EXERCISE DIRECTIONS -> Quote all of the data that follows exactly as written, skipping the images.

DATA ->
··········
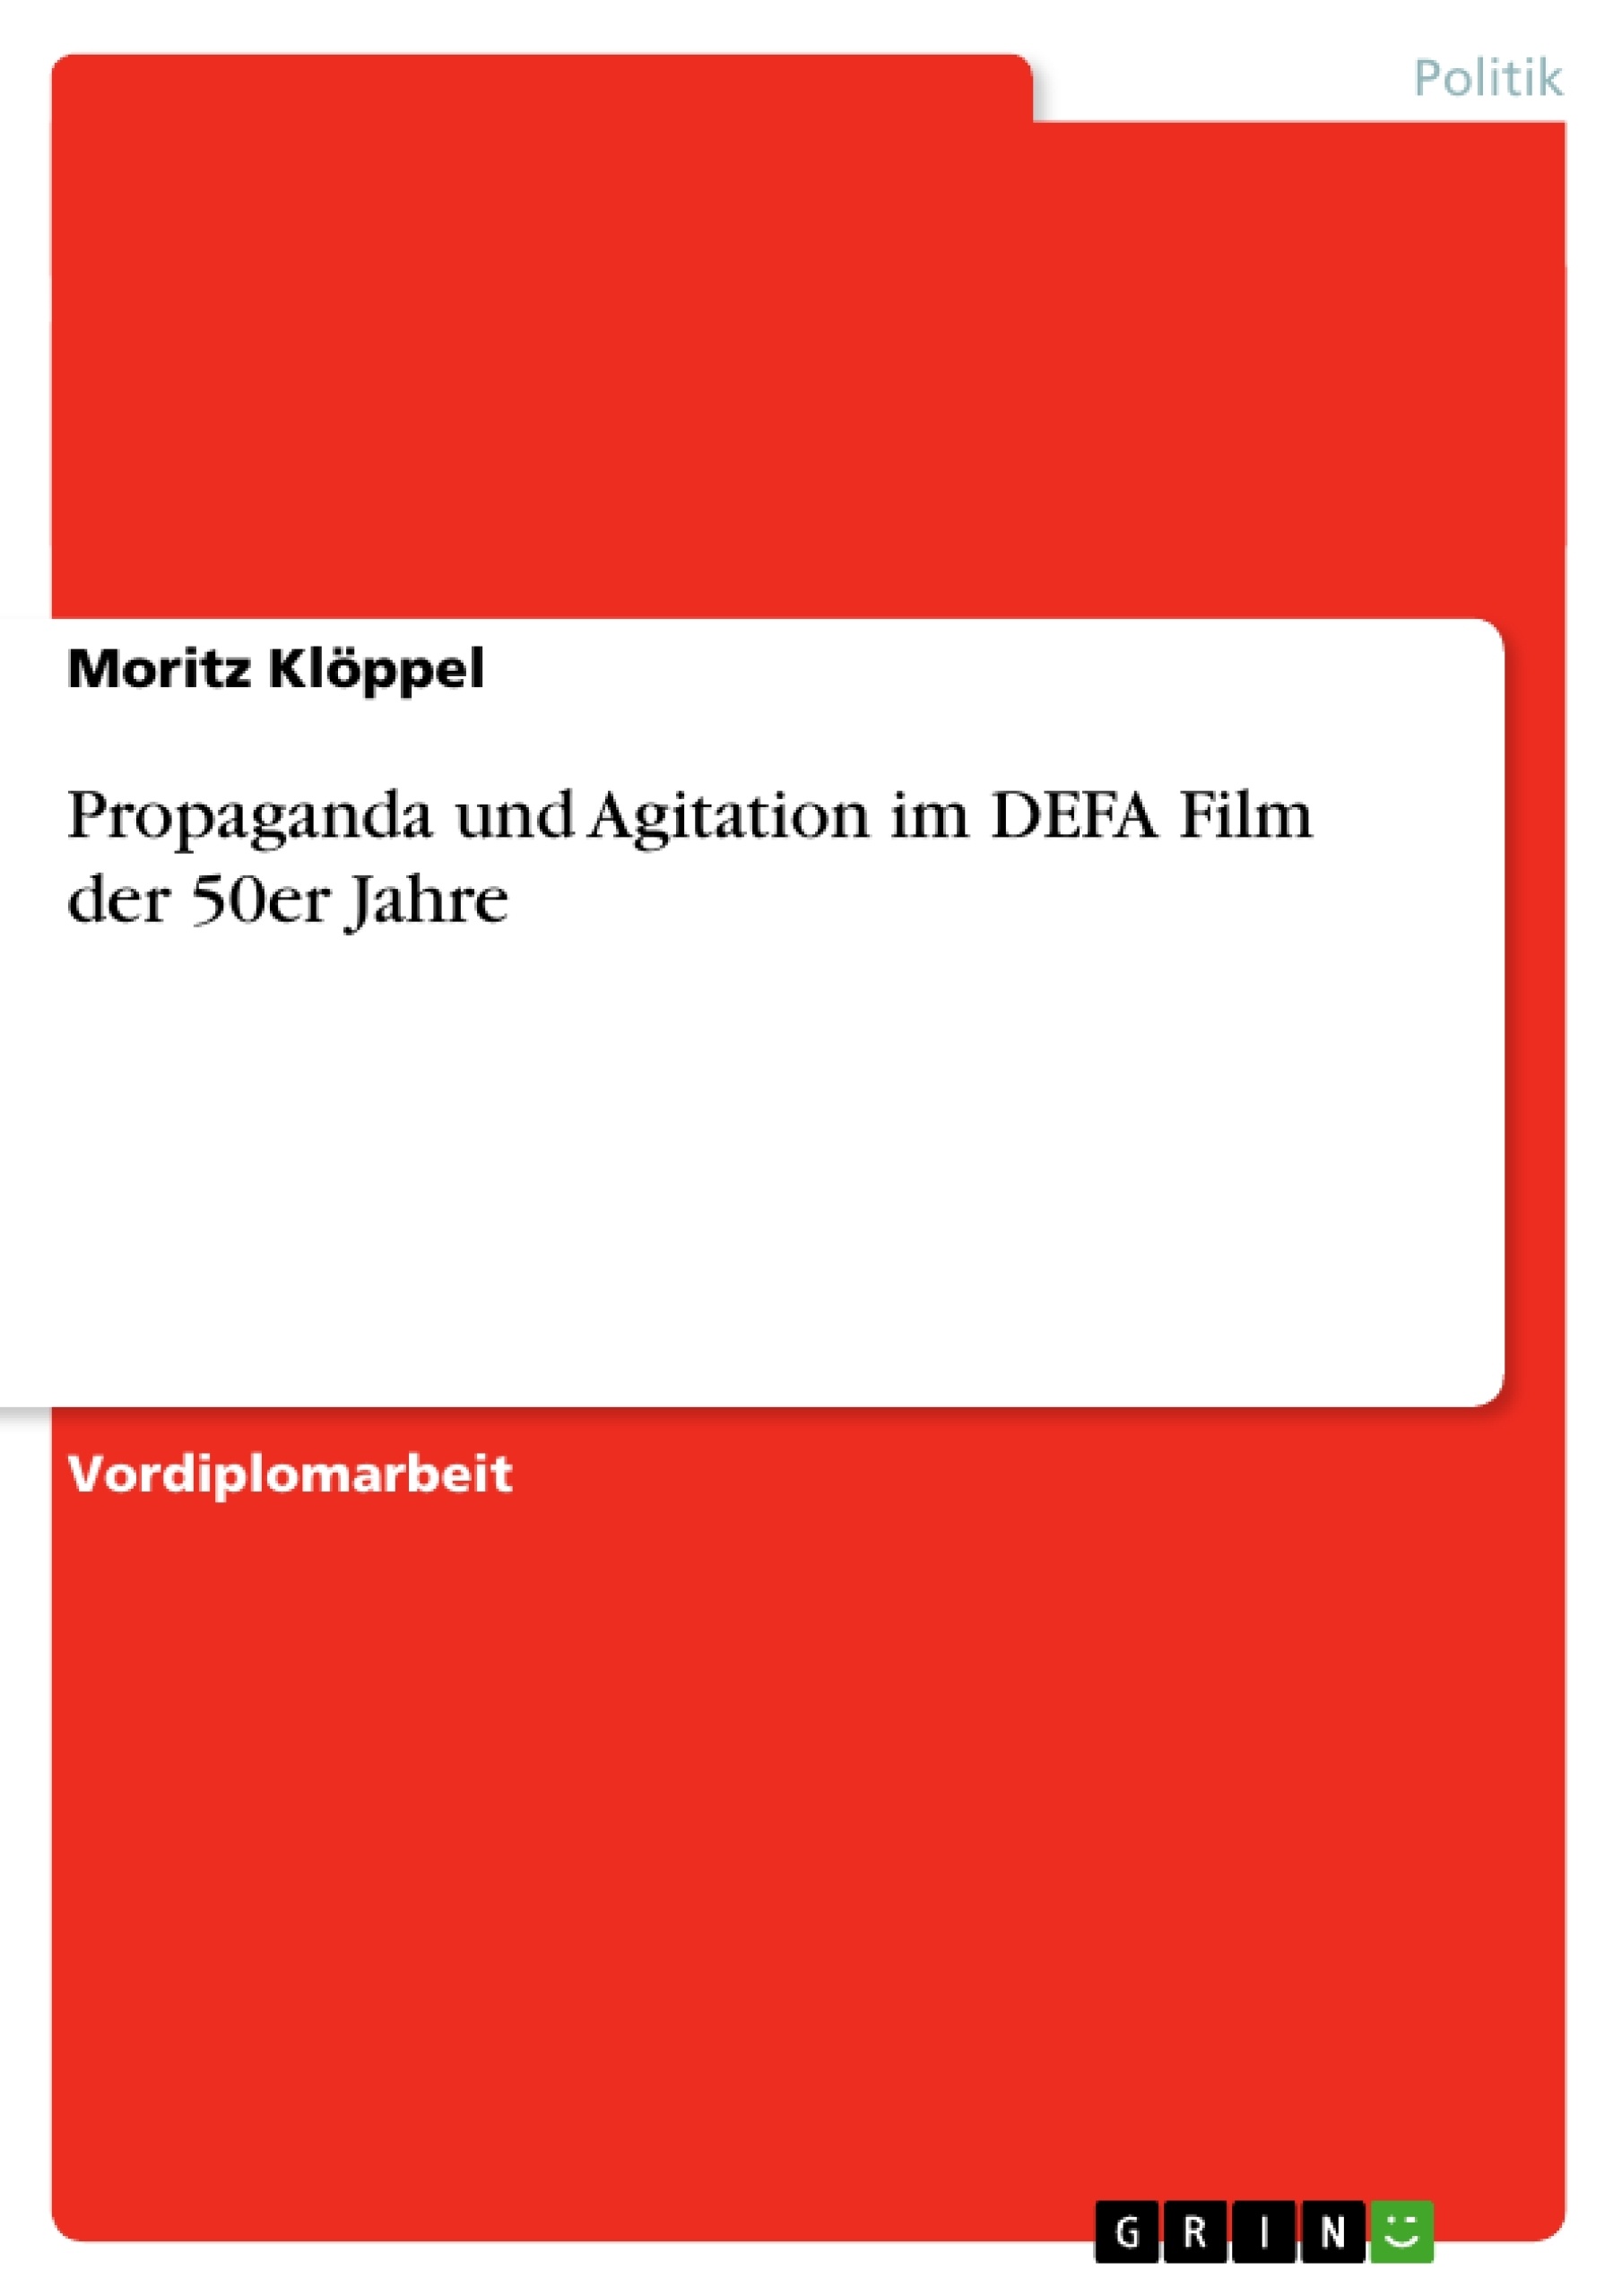 Title: Propaganda und Agitation im DEFA Film der 50er Jahre
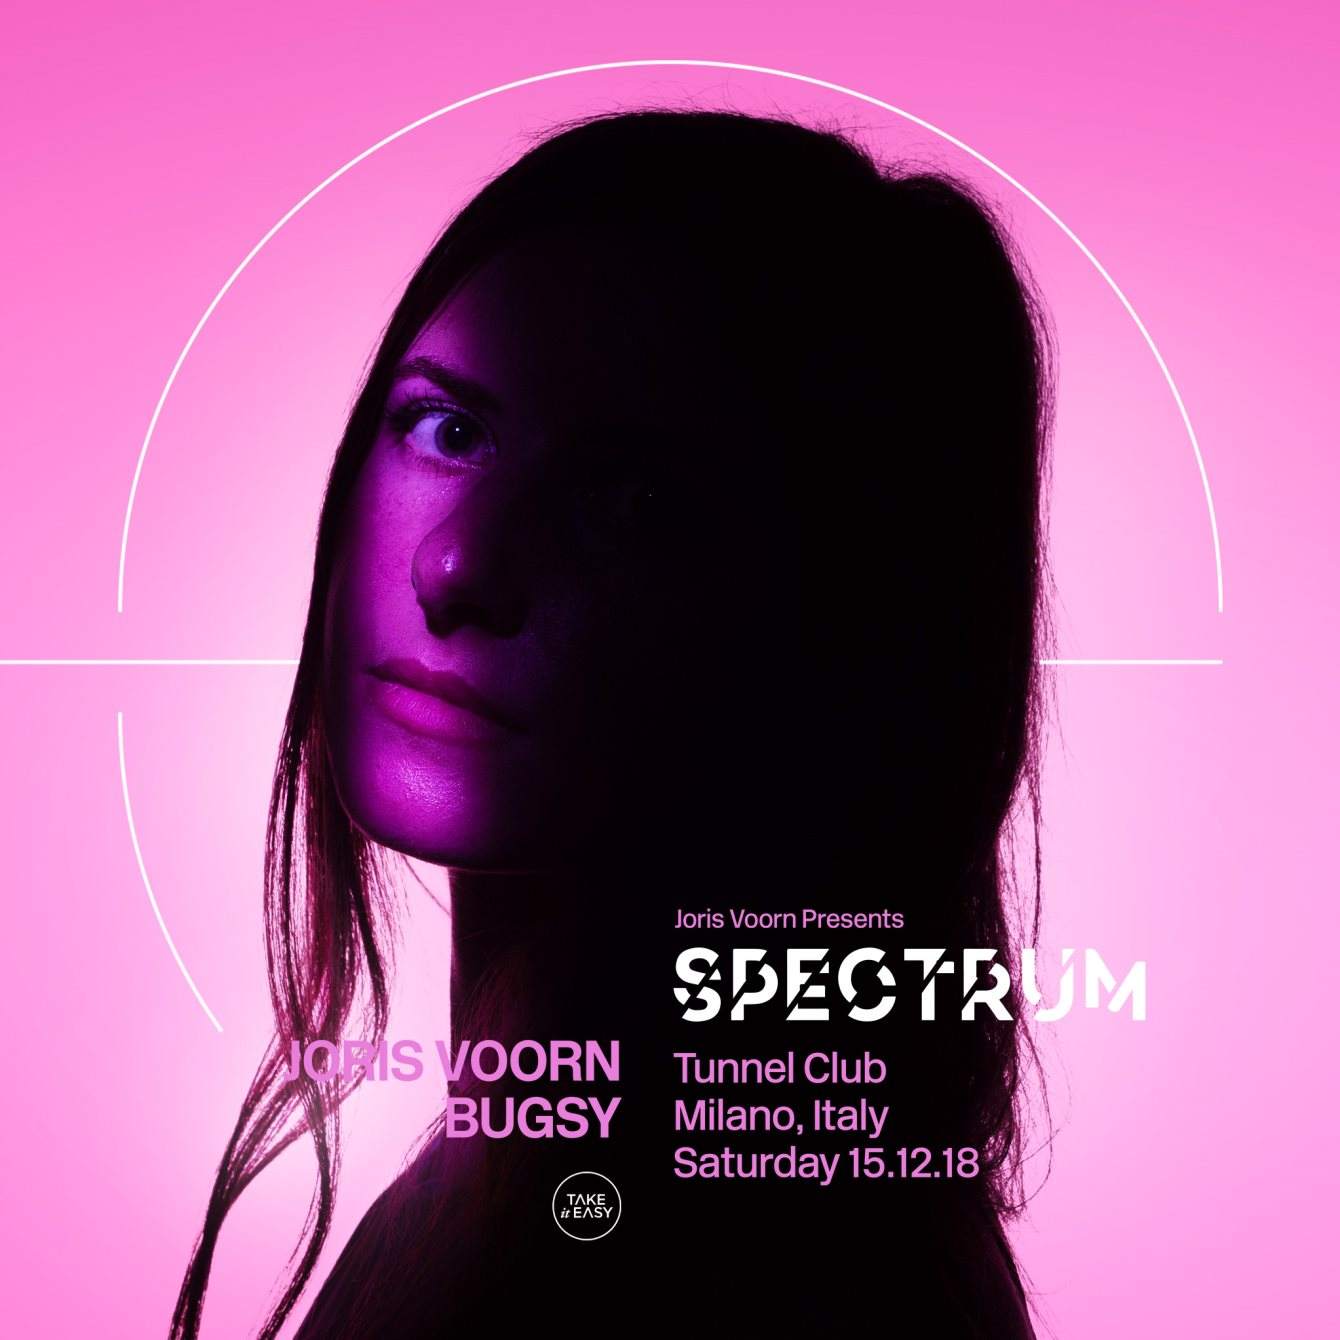 Joris Voorn presents Spectrum - Take it Easy - フライヤー表
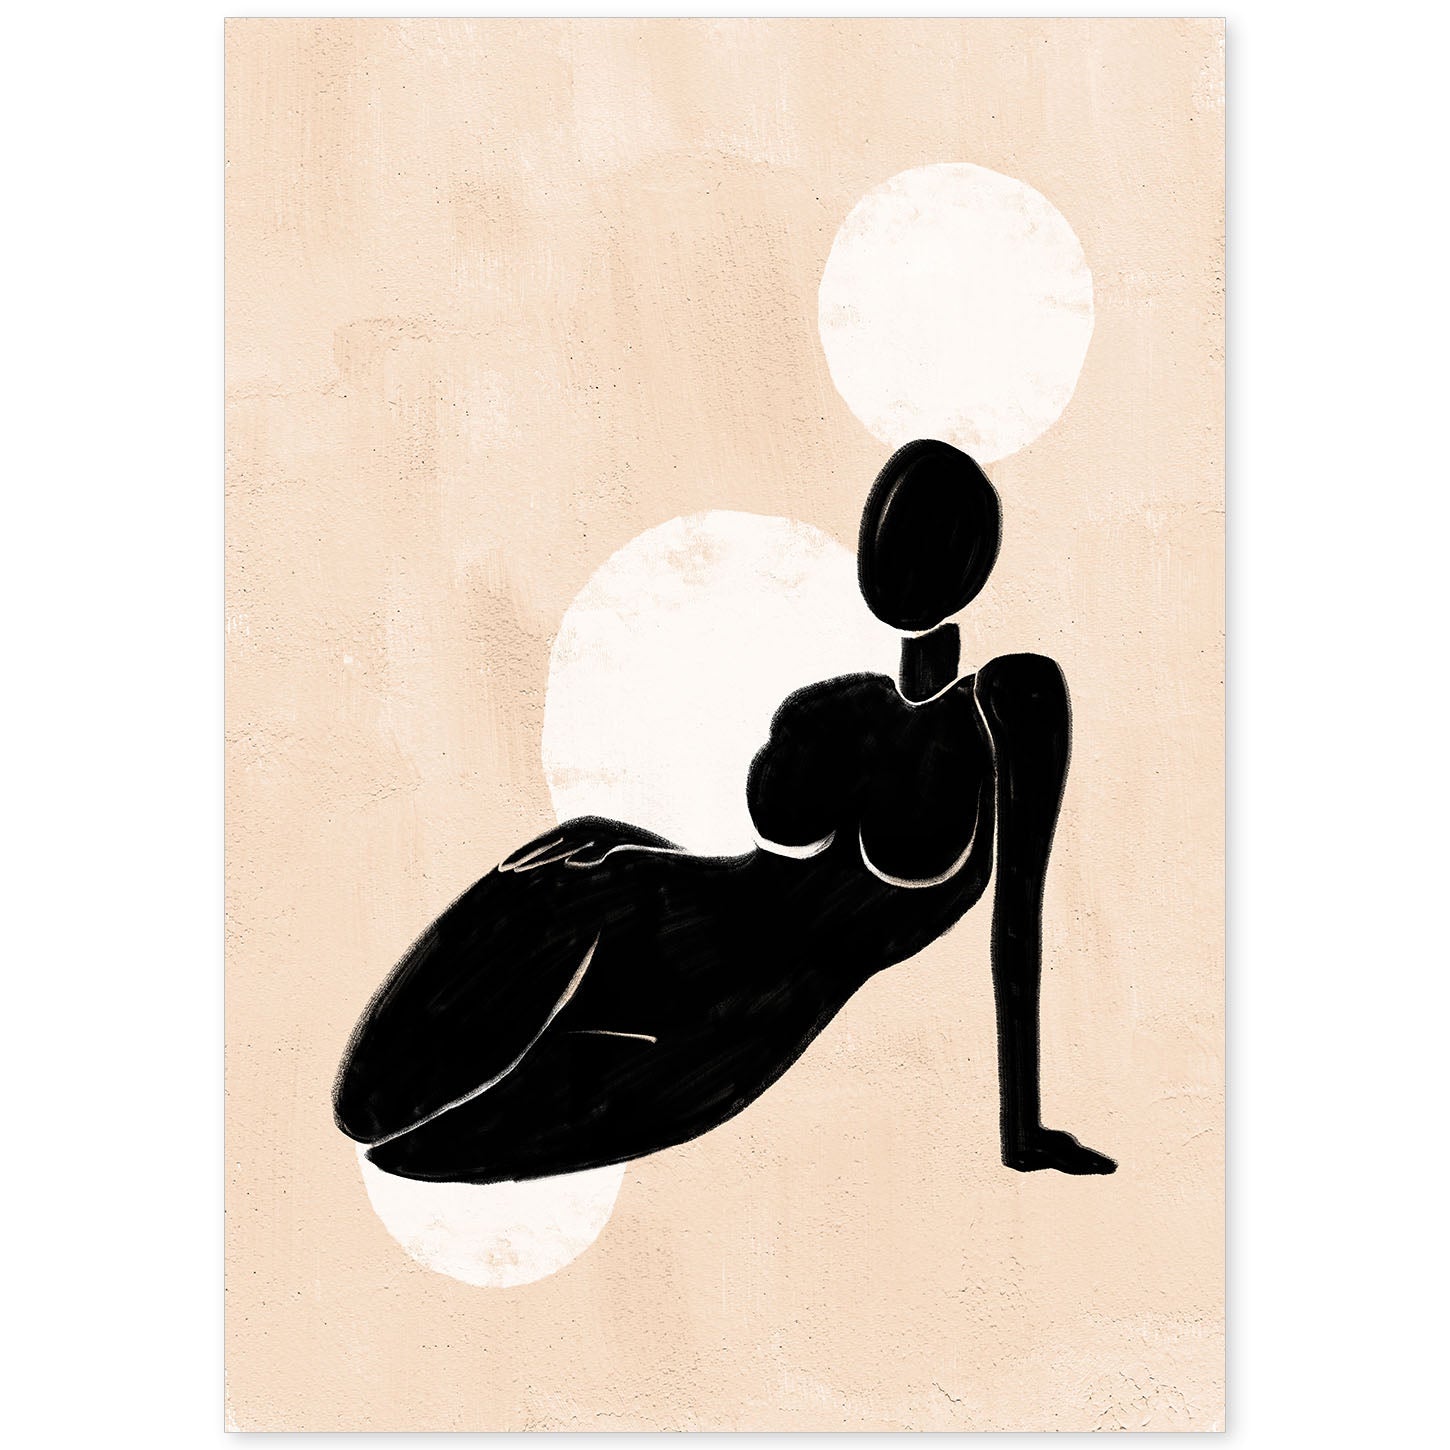 Poster con ilustracion de mujer. Dibujos con formas, caras, cuerpos y gestos de mujeres. 'Mujeres 8'.-Artwork-Nacnic-A4-Sin marco-Nacnic Estudio SL
··········
ANSWER ->
 Title: Propaganda und Agitation im DEFA Film der 50er Jahre
 Joris Voorn presents Spectrum - Take it Easy - フライヤー表
 Poster con ilustracion de mujer. Dibujos con formas, caras, cuerpos y gestos de mujeres. 'Mujeres 8'.-Artwork-Nacnic-A4-Sin marco-Nacnic Estudio SL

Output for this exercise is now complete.